| Your goal |
Transcribe everything in the listing as written, and let no image into the copy.

| Supplied material |
________________________________________
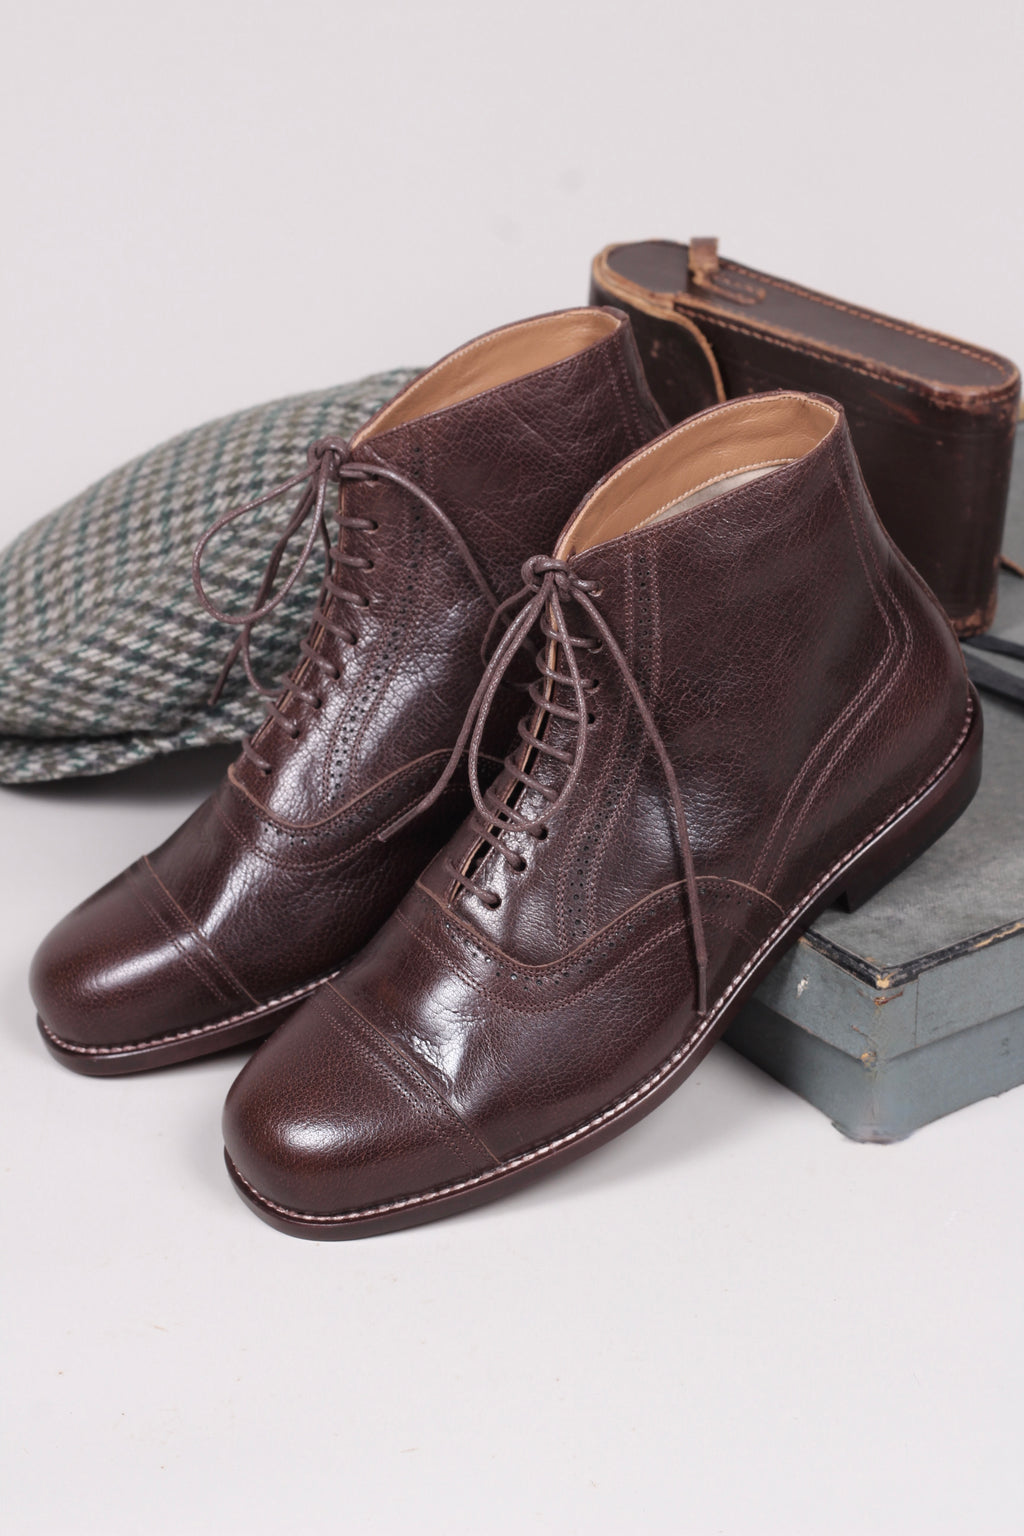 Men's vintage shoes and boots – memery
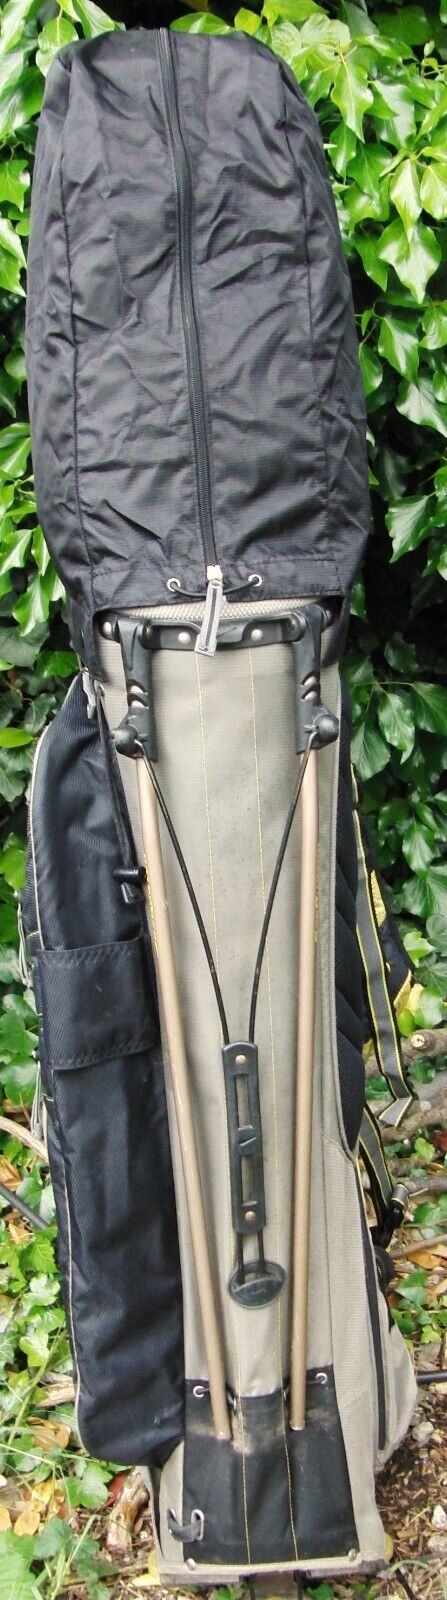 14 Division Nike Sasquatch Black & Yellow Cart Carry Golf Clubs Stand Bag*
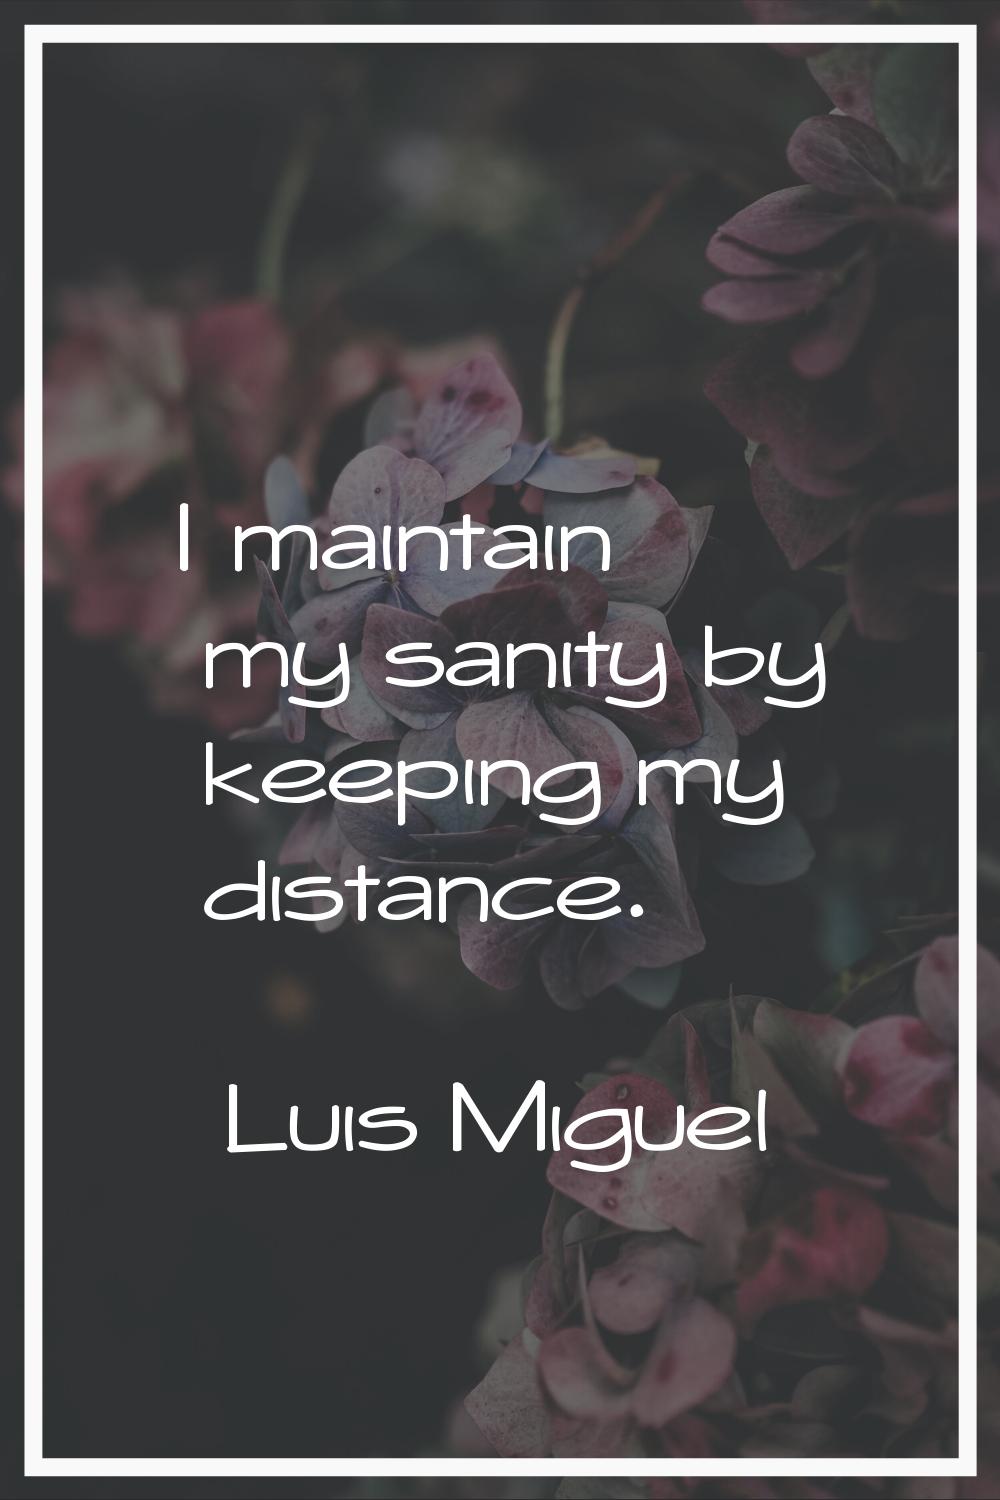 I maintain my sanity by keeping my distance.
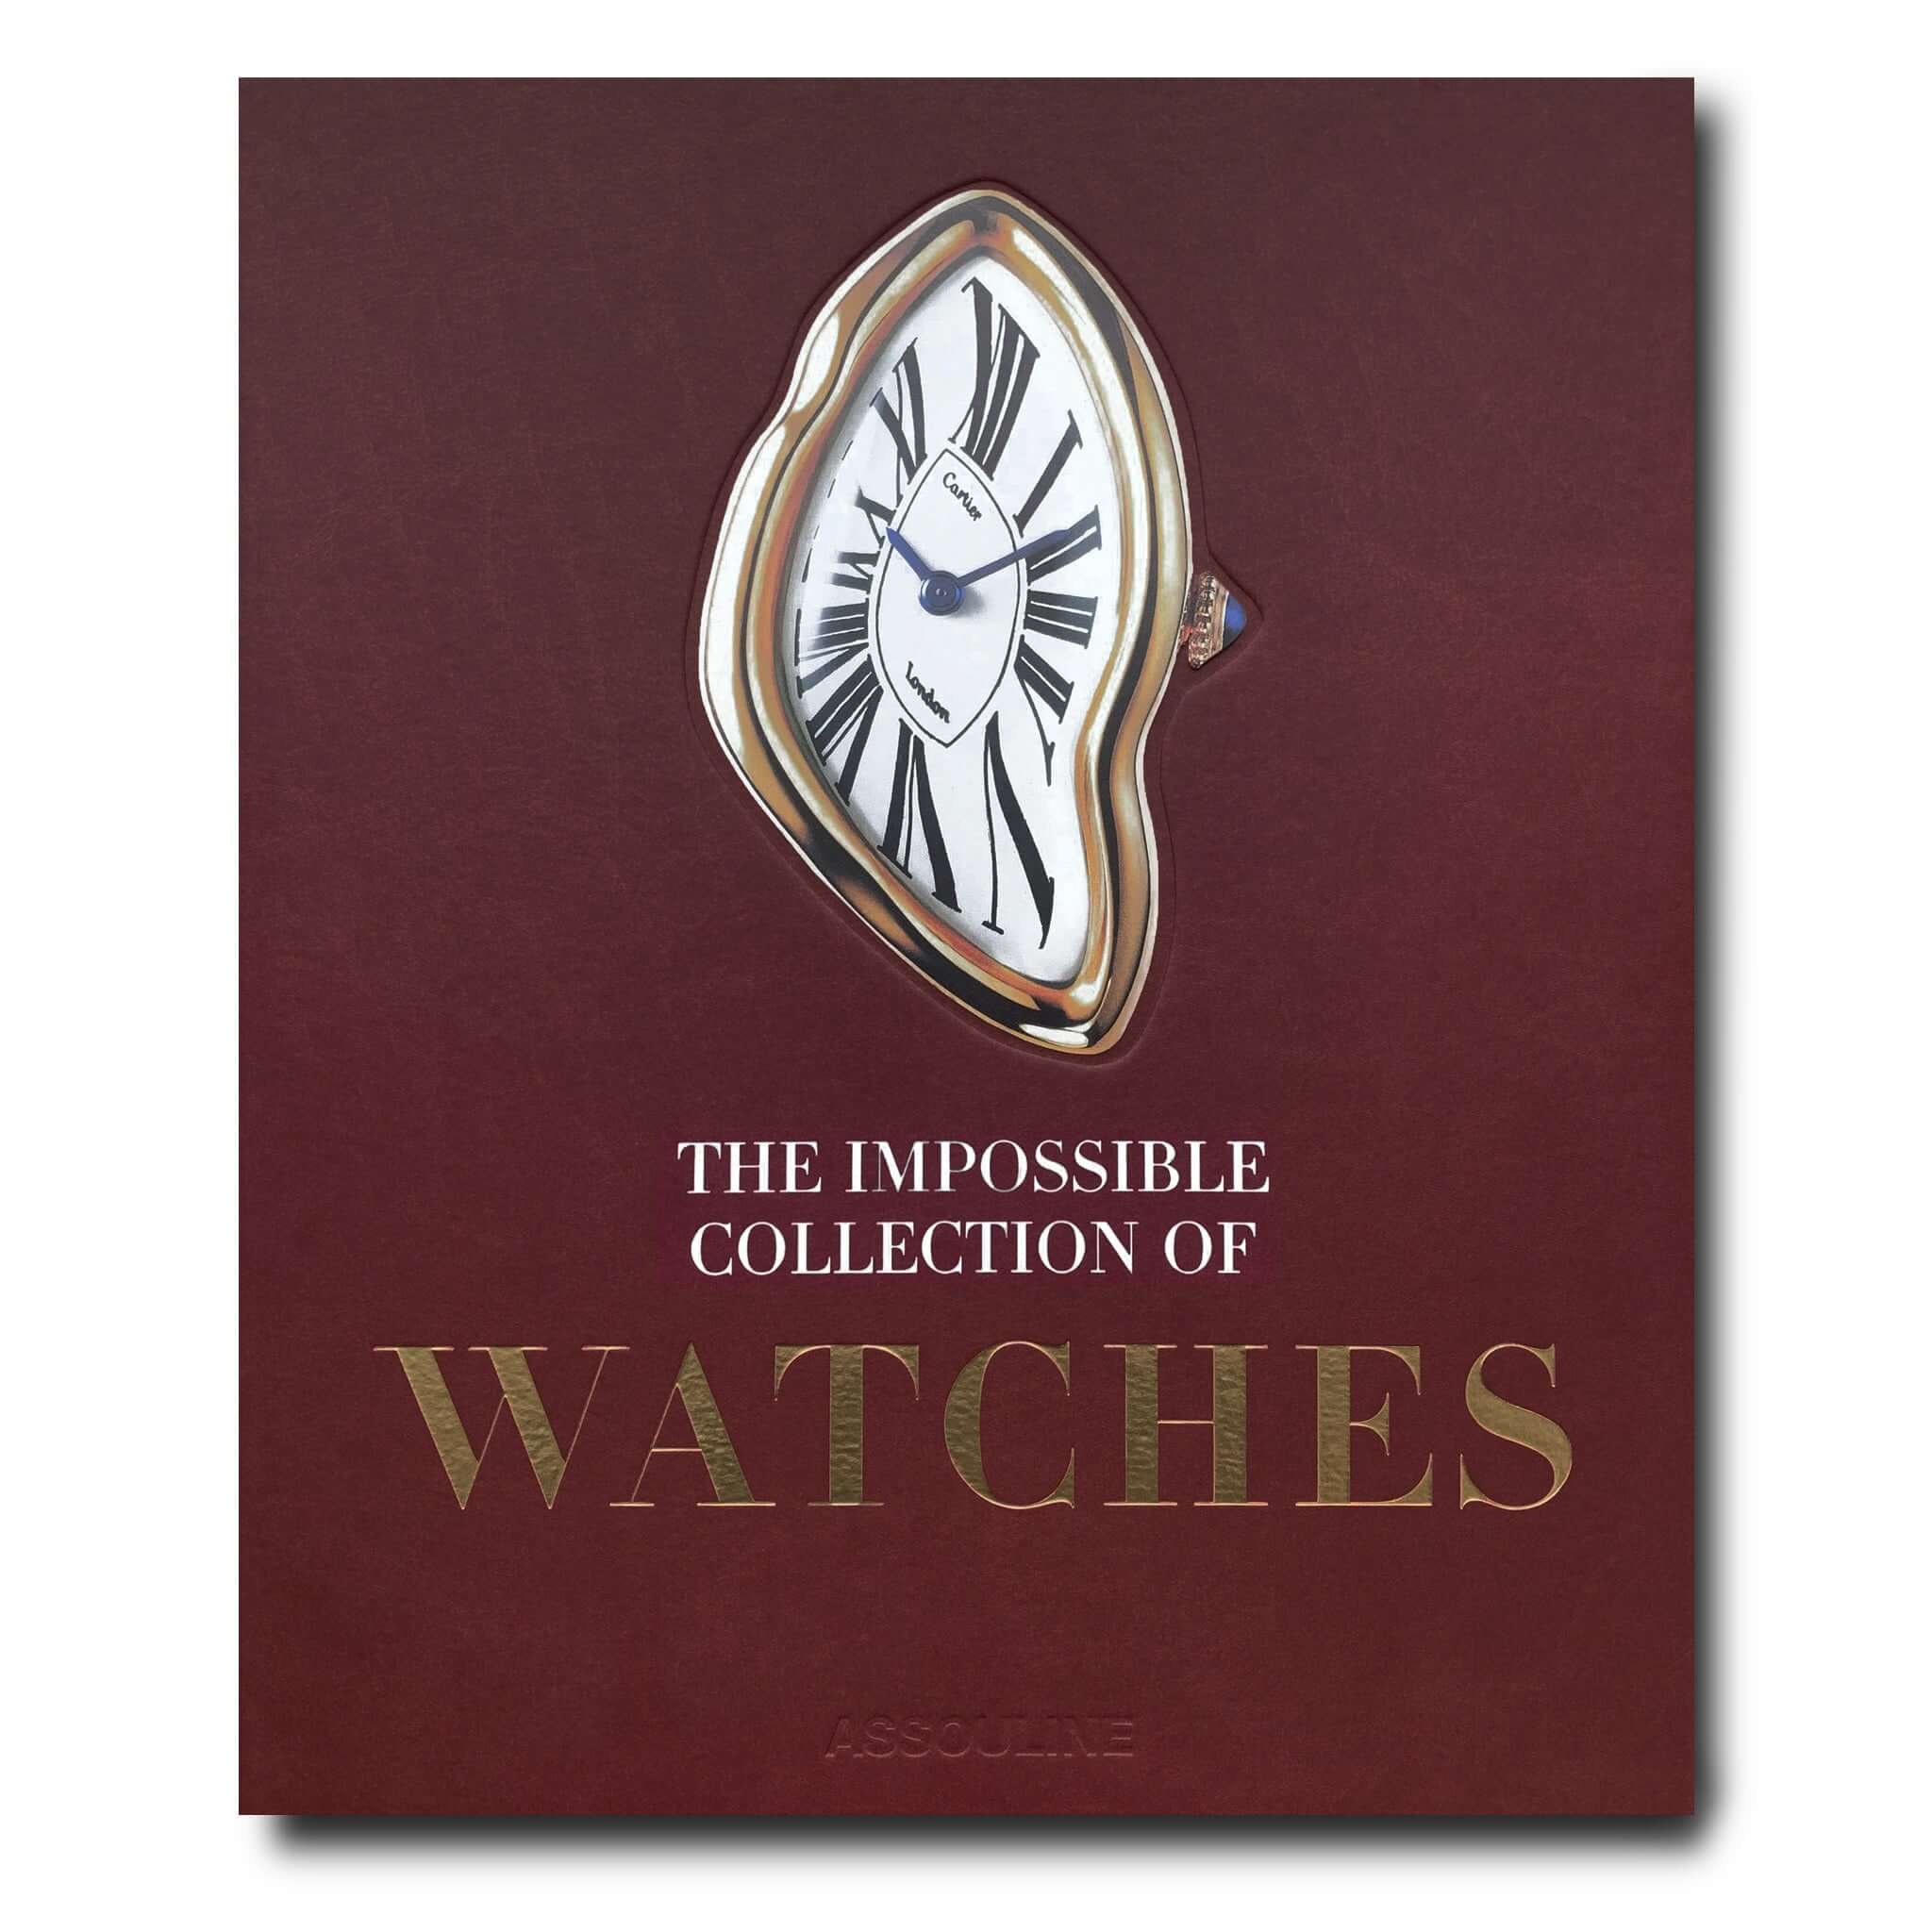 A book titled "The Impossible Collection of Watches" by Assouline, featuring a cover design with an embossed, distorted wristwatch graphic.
________________________________________
| Written response |
 Men's vintage shoes and boots – memery
 14 Division Nike Sasquatch Black & Yellow Cart Carry Golf Clubs Stand Bag*
 I maintain my sanity by keeping my distance.
 A book titled "The Impossible Collection of Watches" by Assouline, featuring a cover design with an embossed, distorted wristwatch graphic.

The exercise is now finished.